- Countries: Germany
- Champions: SC 1880 Frankfurt (5th title)
- Relegated: none

= 2007–08 Rugby-Bundesliga =

The 2007-08 Rugby-Bundesliga was the 37th edition of this competition and the 88th edition of the German rugby union championship. The season went from 25 August 2007 to 31 May 2008, ending with the relegation final.

==Overview==

In 2007-08, eight teams played a home-and-away season with a final between the top two teams at the end, which was won by the SC 1880 Frankfurt. It was the club's fifth German title and its first in 83 years, having last won it in 1925. It was a rematch of the 2006-07 final, also played in Frankfurt am Main, which SC 1880 had lost to Heidelberg 15-23. Alongside the national championship final, the 2nd Bundesliga final was played as a curtain raiser for the game.

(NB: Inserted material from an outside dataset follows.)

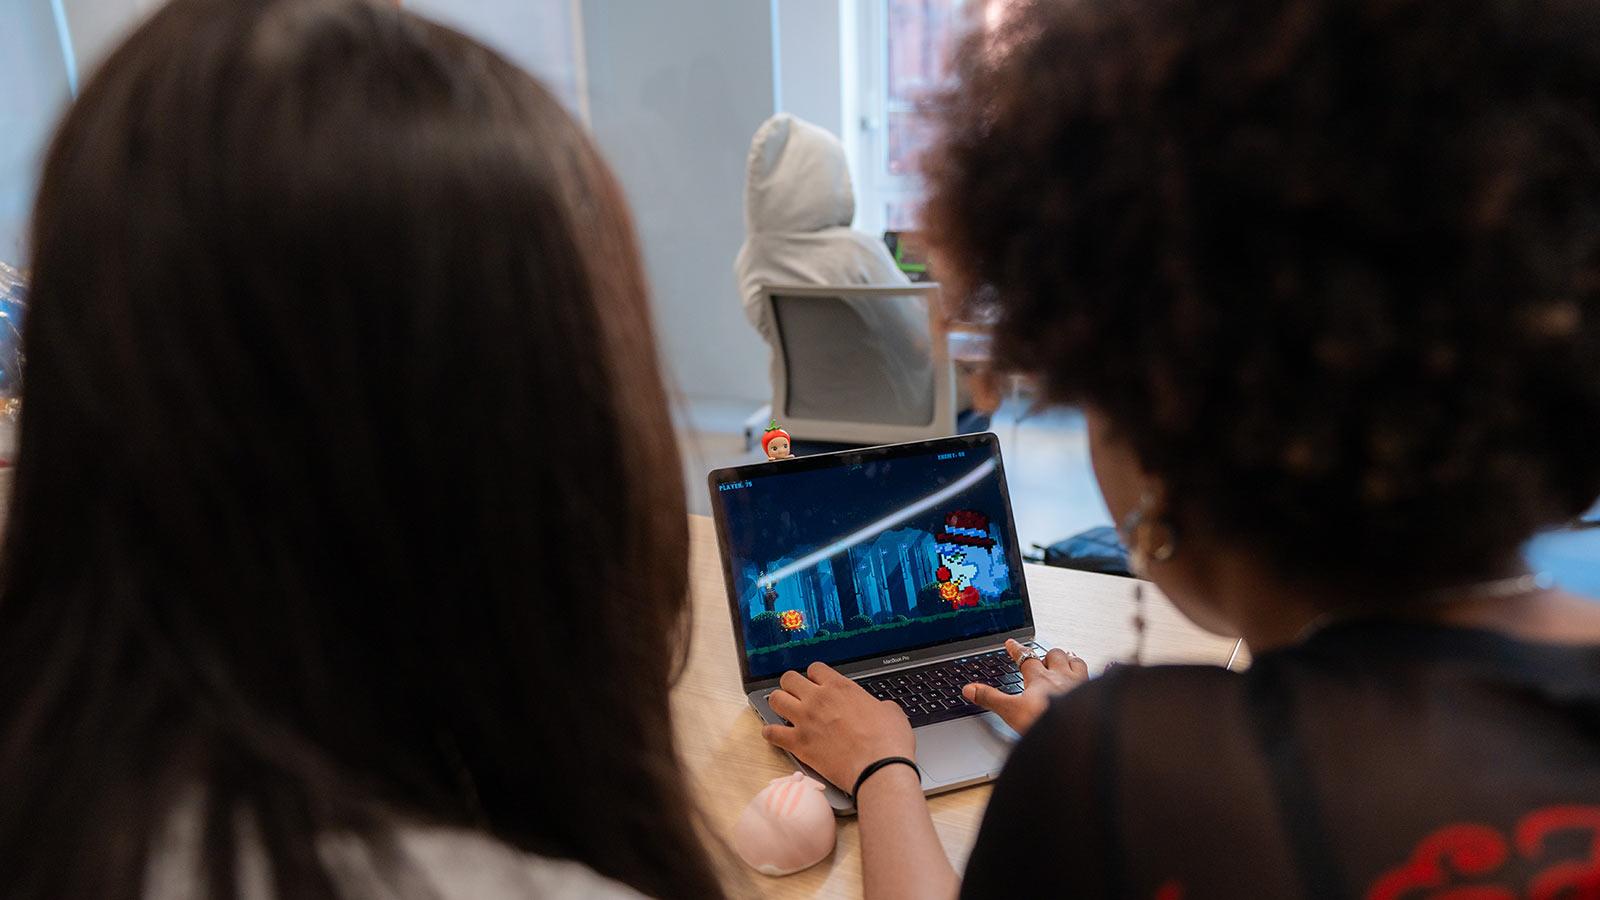 Pace students play a student game on a laptop

Last placed RK Heusenstamm would have been relegated but the league was expanded to nine teams for 2008-09 and no team had to drop down to the 2nd Bundesliga. This was decided on 19 July 2008 at the annual meeting of the German rugby association. The decision was made to expand the league to ten teams for the 2009-10 season.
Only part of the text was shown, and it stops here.